● WHAT TO WORK ON:
The records below are to be repeated exactly, and their pictures left out.

● RECORDS FOR THE EXERCISE:

=====

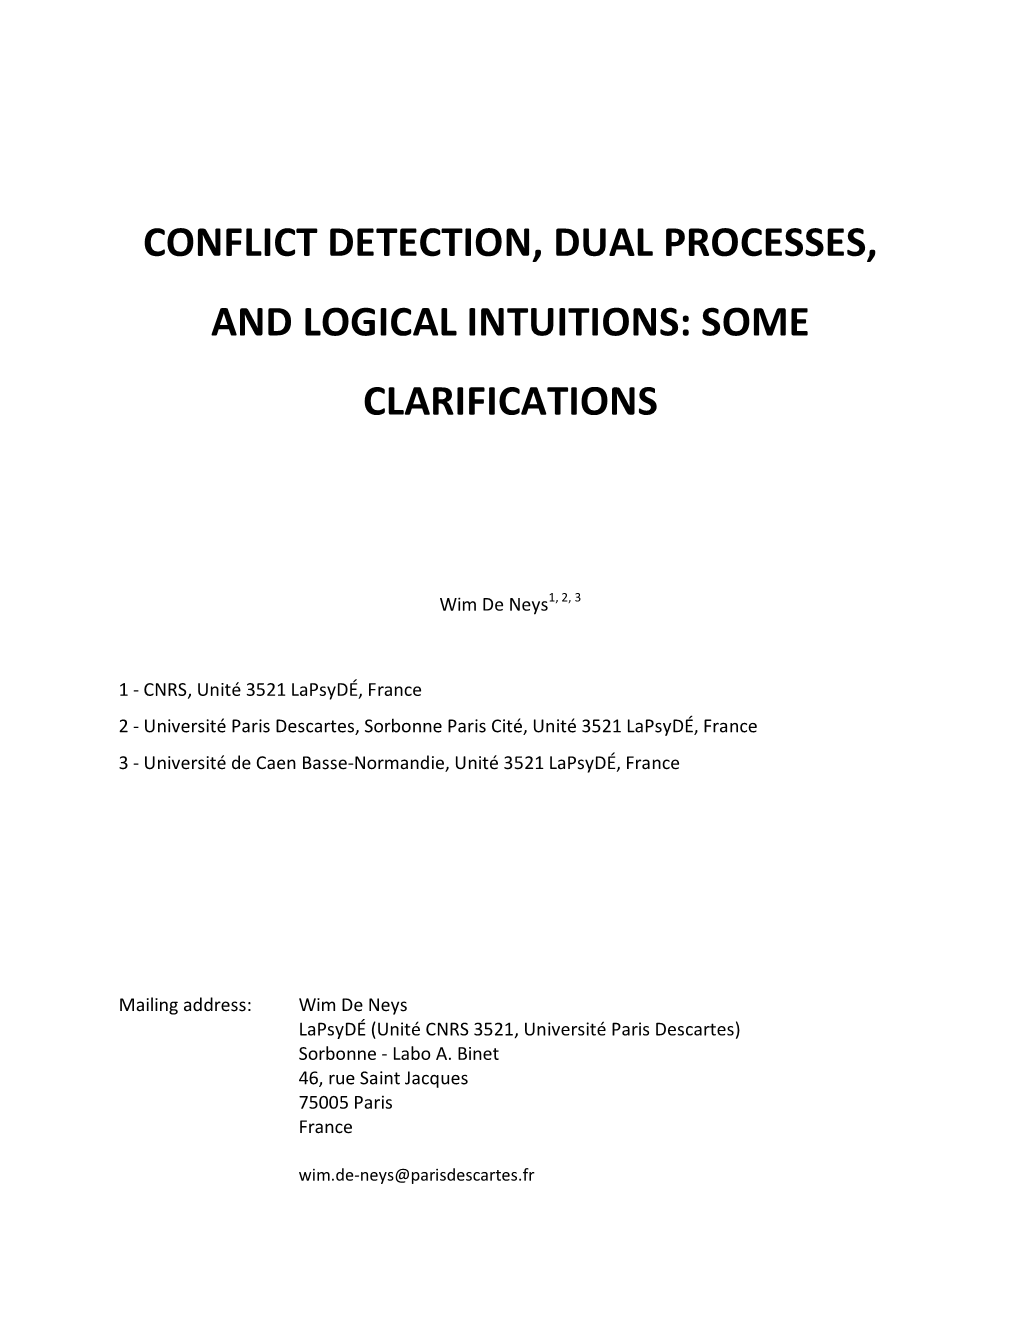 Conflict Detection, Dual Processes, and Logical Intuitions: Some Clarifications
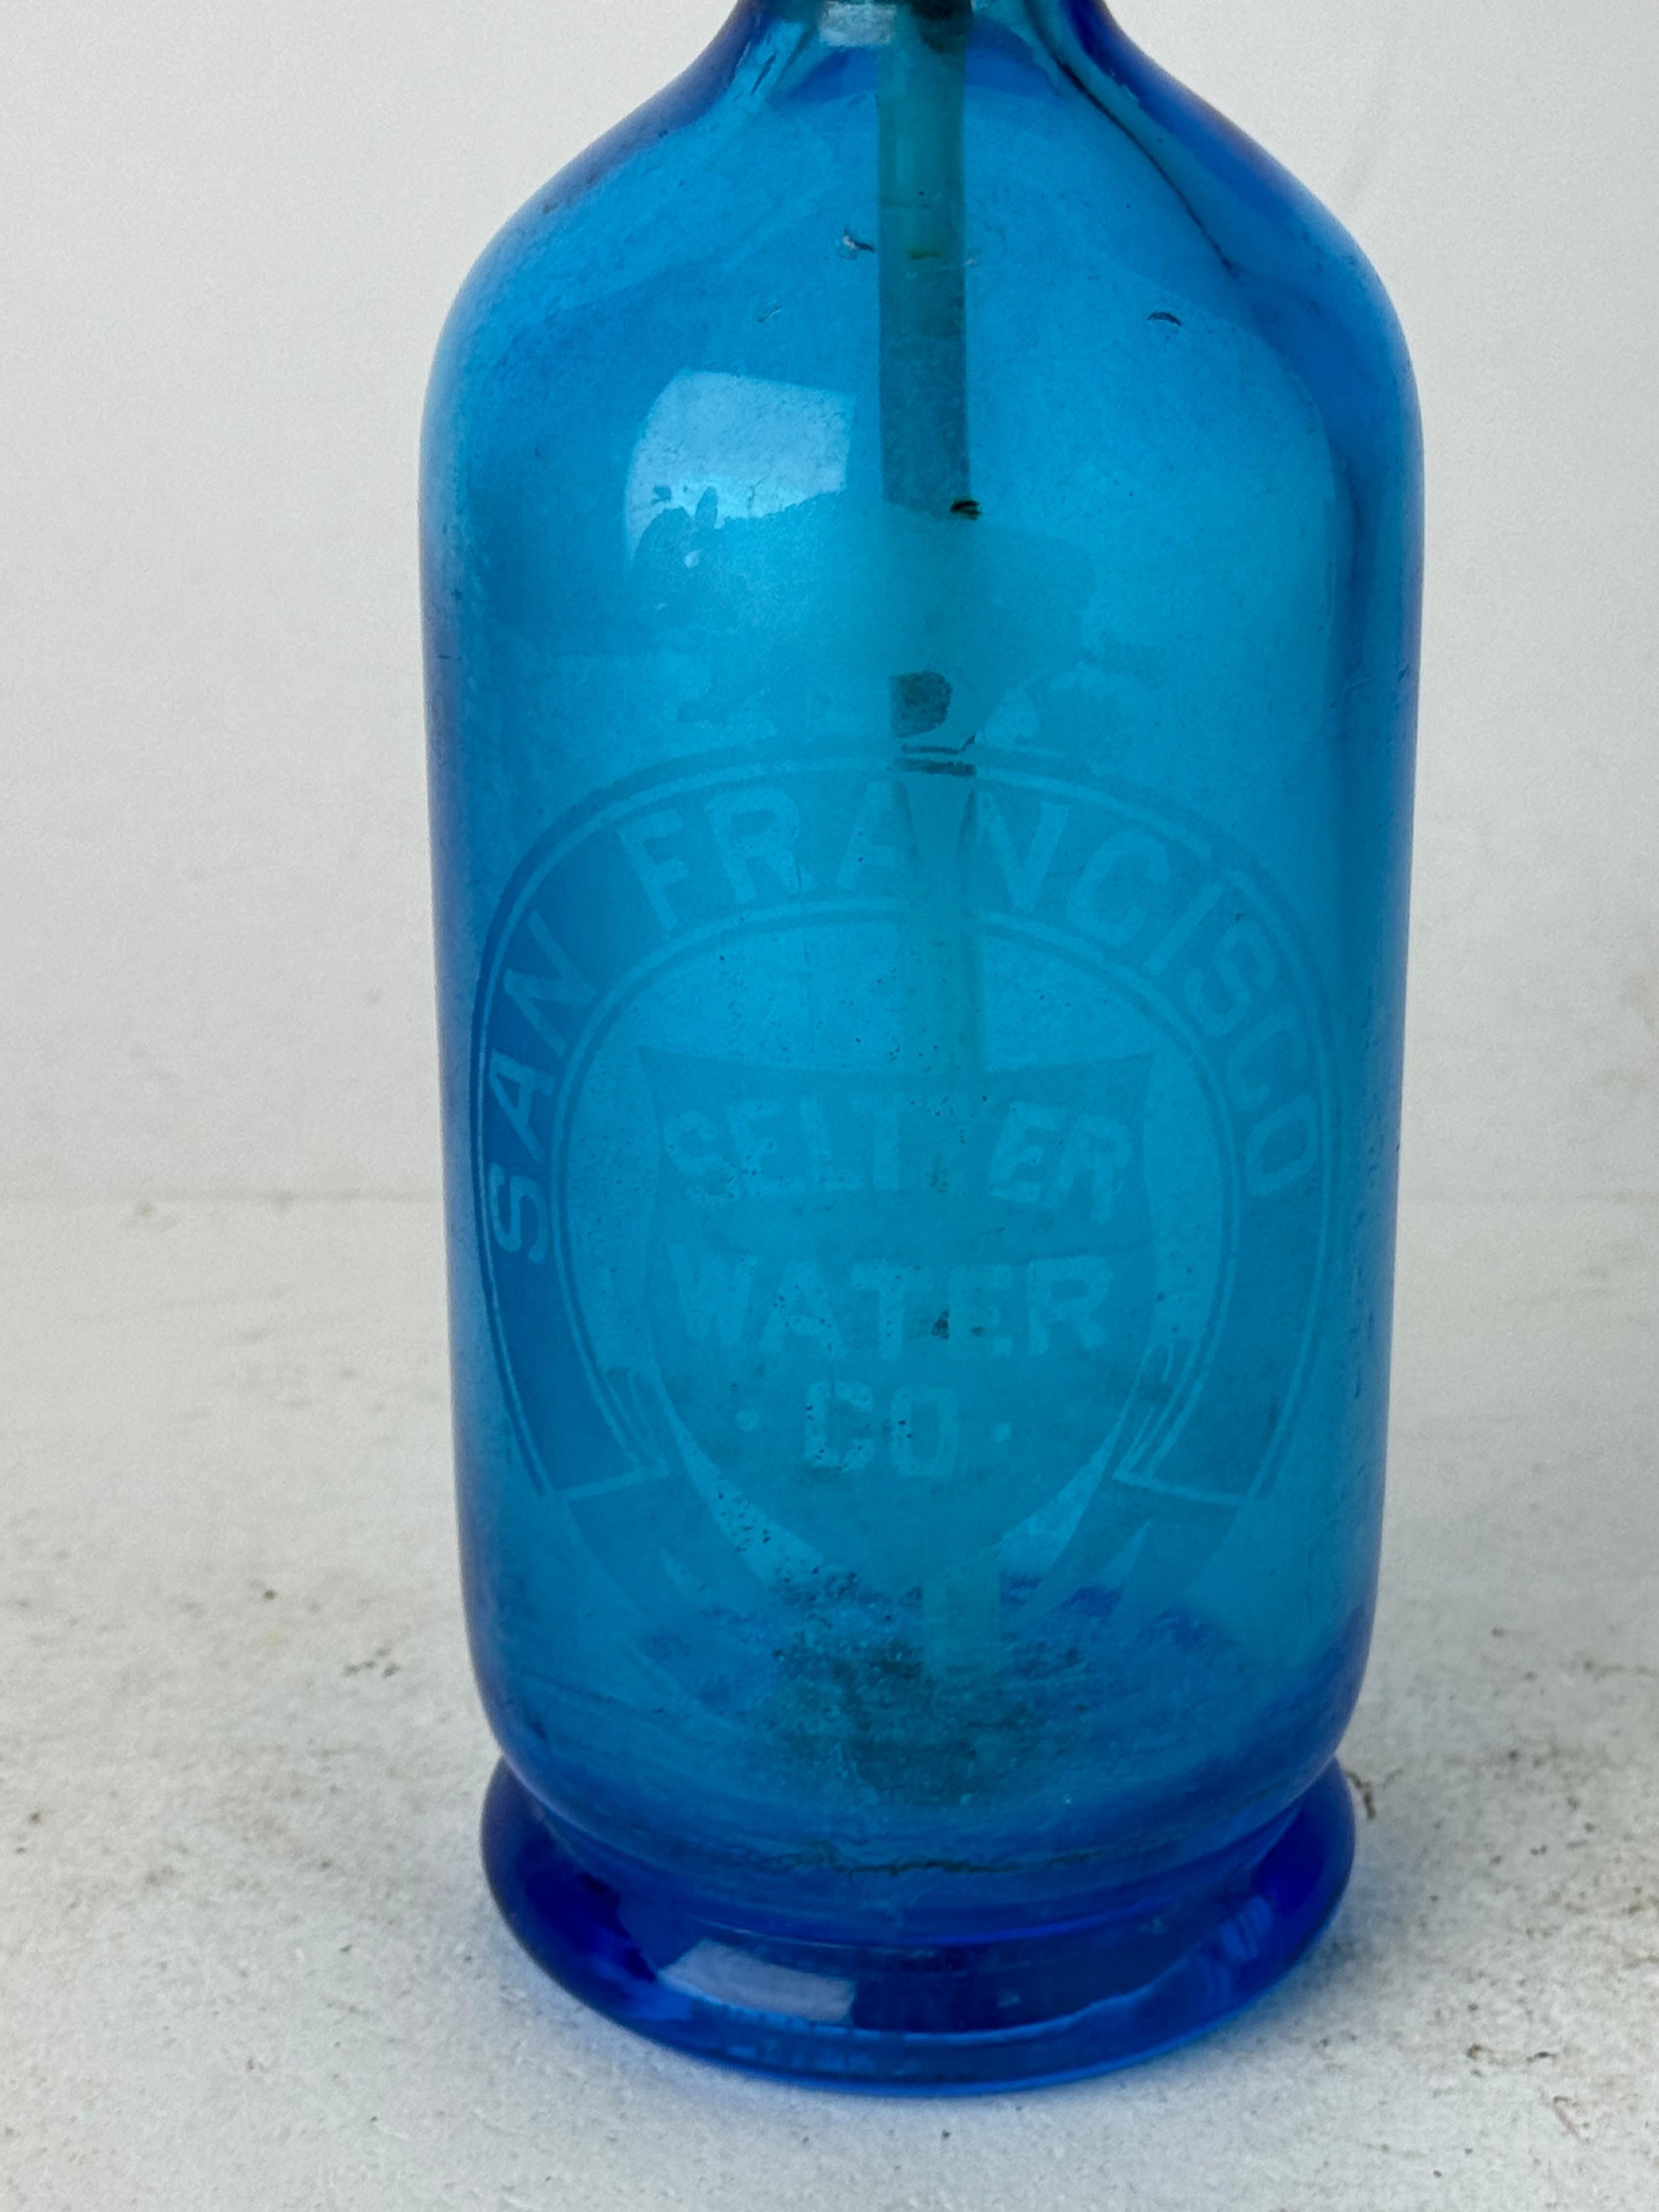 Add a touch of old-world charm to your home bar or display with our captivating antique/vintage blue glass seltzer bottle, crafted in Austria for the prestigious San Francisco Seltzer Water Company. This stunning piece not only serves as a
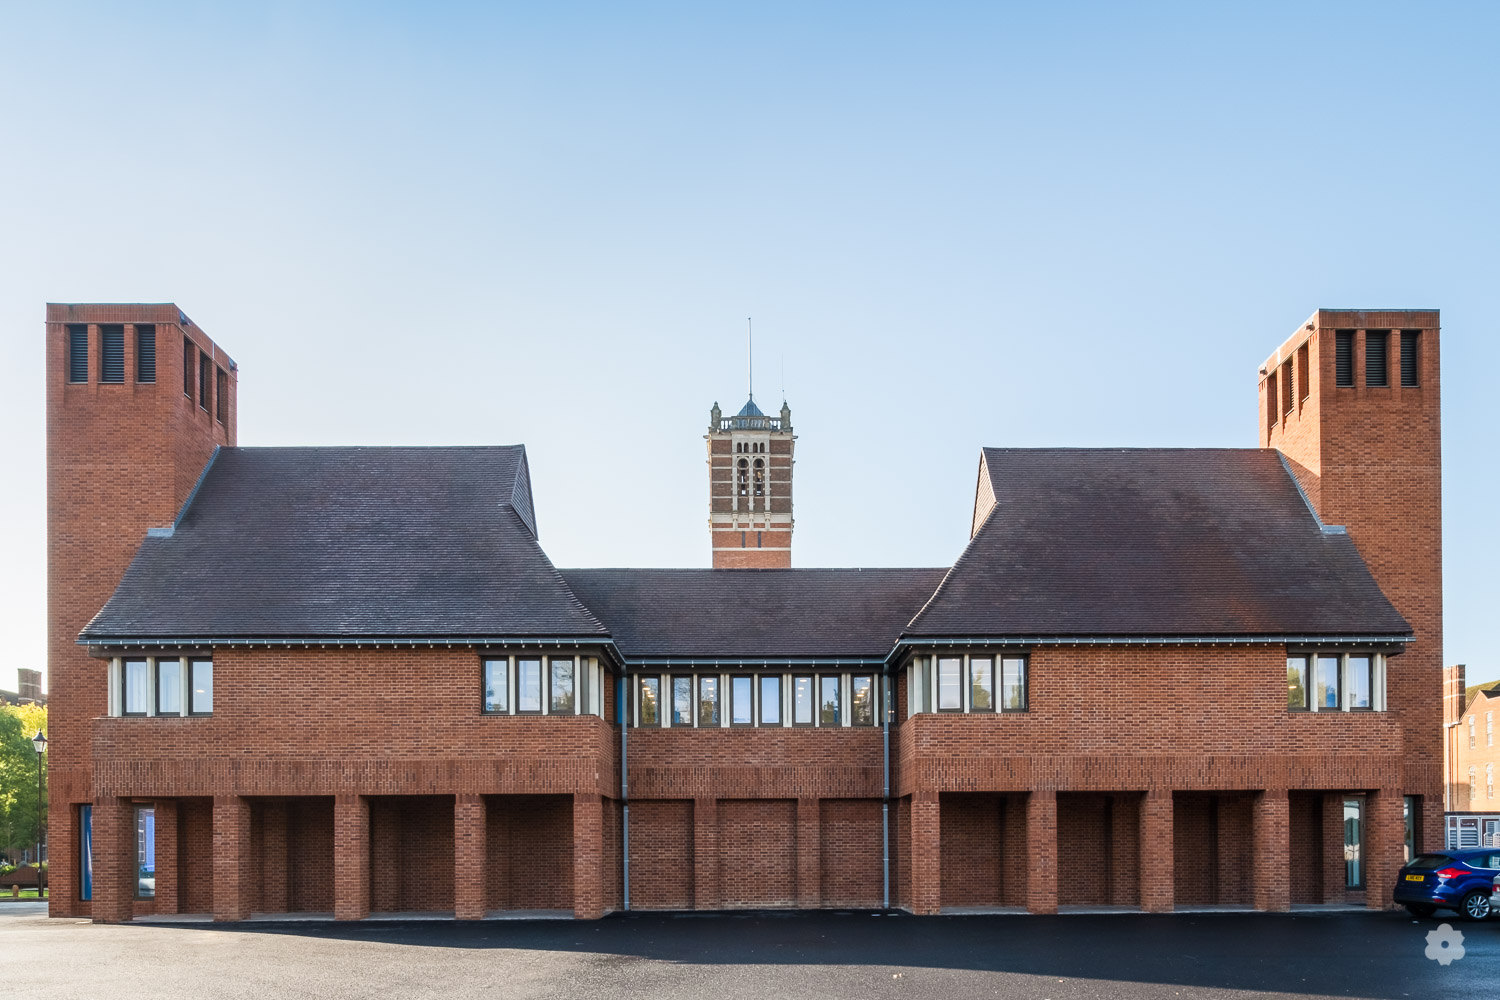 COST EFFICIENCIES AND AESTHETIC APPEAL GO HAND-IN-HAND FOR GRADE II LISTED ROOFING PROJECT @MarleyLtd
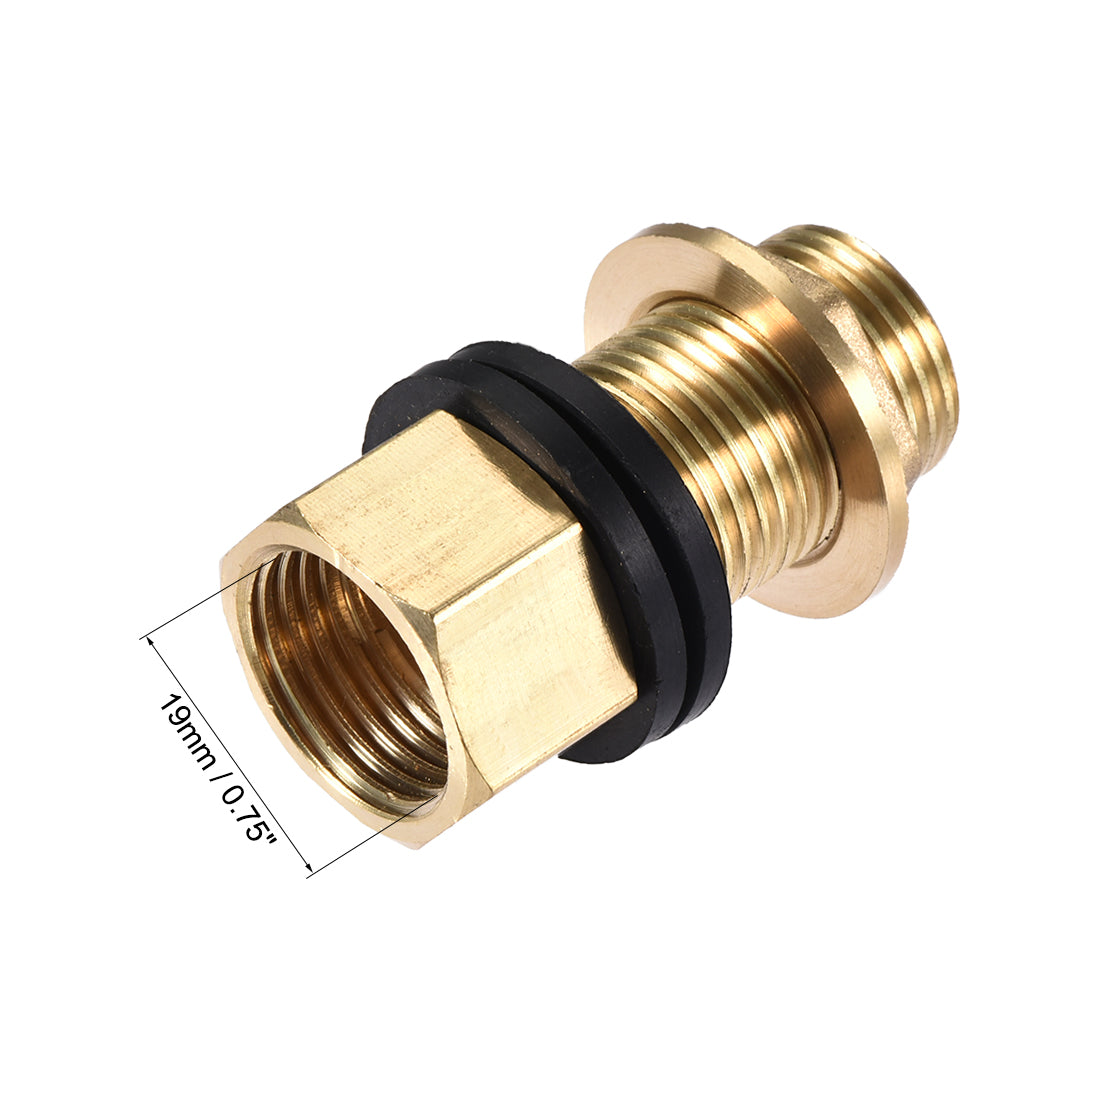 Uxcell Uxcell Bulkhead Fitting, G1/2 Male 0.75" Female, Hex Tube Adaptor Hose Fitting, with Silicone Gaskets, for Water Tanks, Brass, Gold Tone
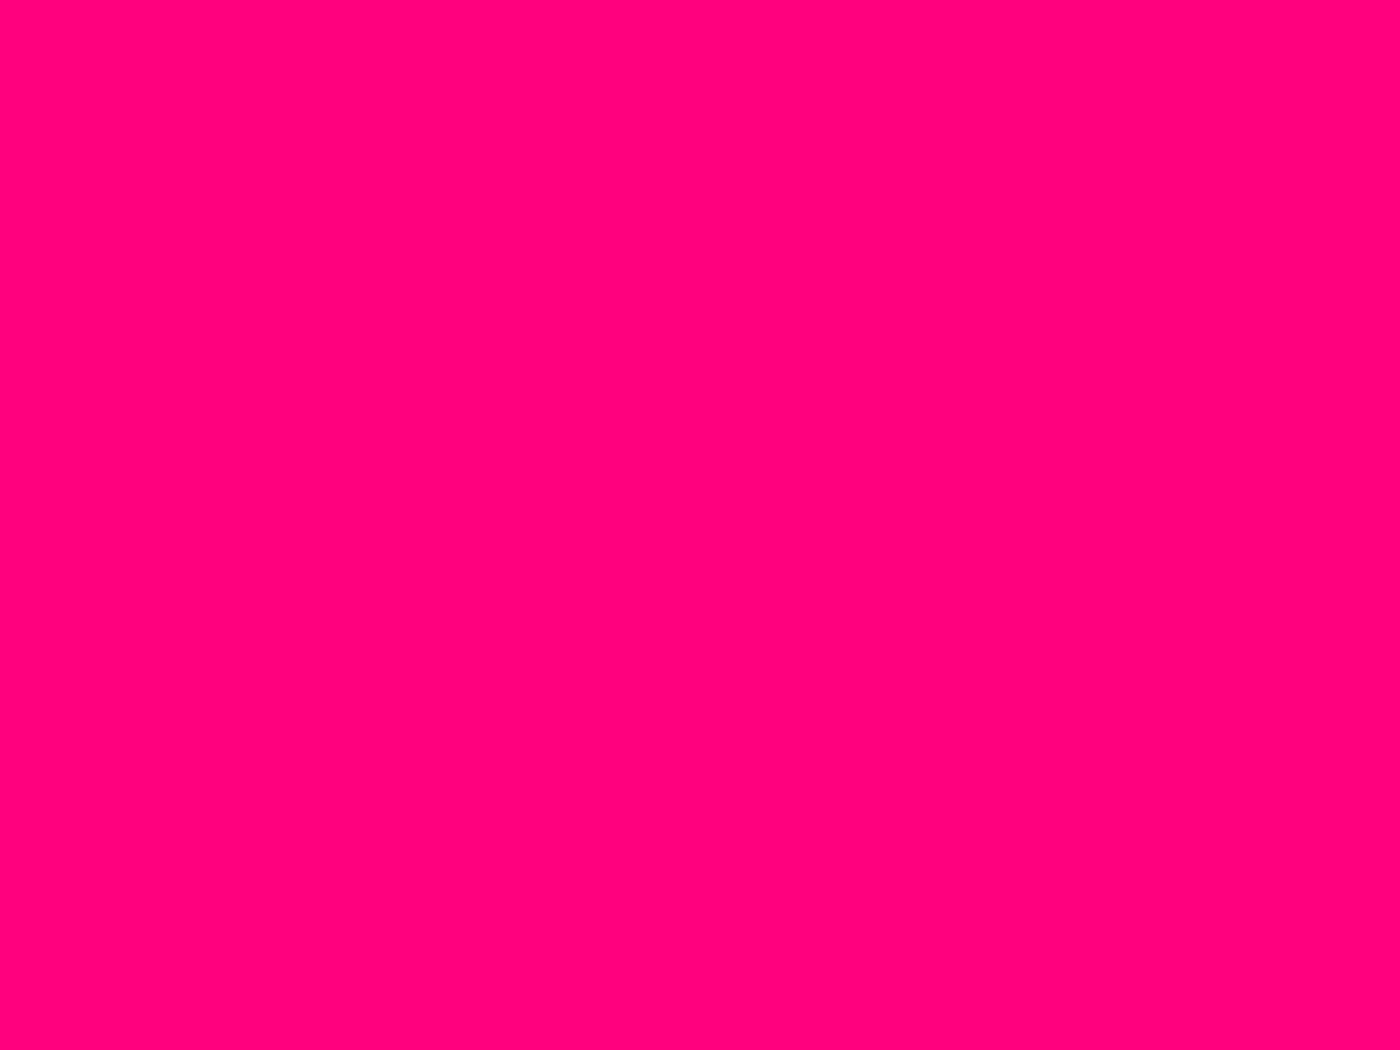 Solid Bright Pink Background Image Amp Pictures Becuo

=====

● EXPECTED ANSWER:
 Conflict Detection, Dual Processes, and Logical Intuitions: Some Clarifications
 Add a touch of old-world charm to your home bar or display with our captivating antique/vintage blue glass seltzer bottle, crafted in Austria for the prestigious San Francisco Seltzer Water Company. This stunning piece not only serves as a
 COST EFFICIENCIES AND AESTHETIC APPEAL GO HAND-IN-HAND FOR GRADE II LISTED ROOFING PROJECT @MarleyLtd
 Uxcell Uxcell Bulkhead Fitting, G1/2 Male 0.75" Female, Hex Tube Adaptor Hose Fitting, with Silicone Gaskets, for Water Tanks, Brass, Gold Tone
 Solid Bright Pink Background Image Amp Pictures Becuo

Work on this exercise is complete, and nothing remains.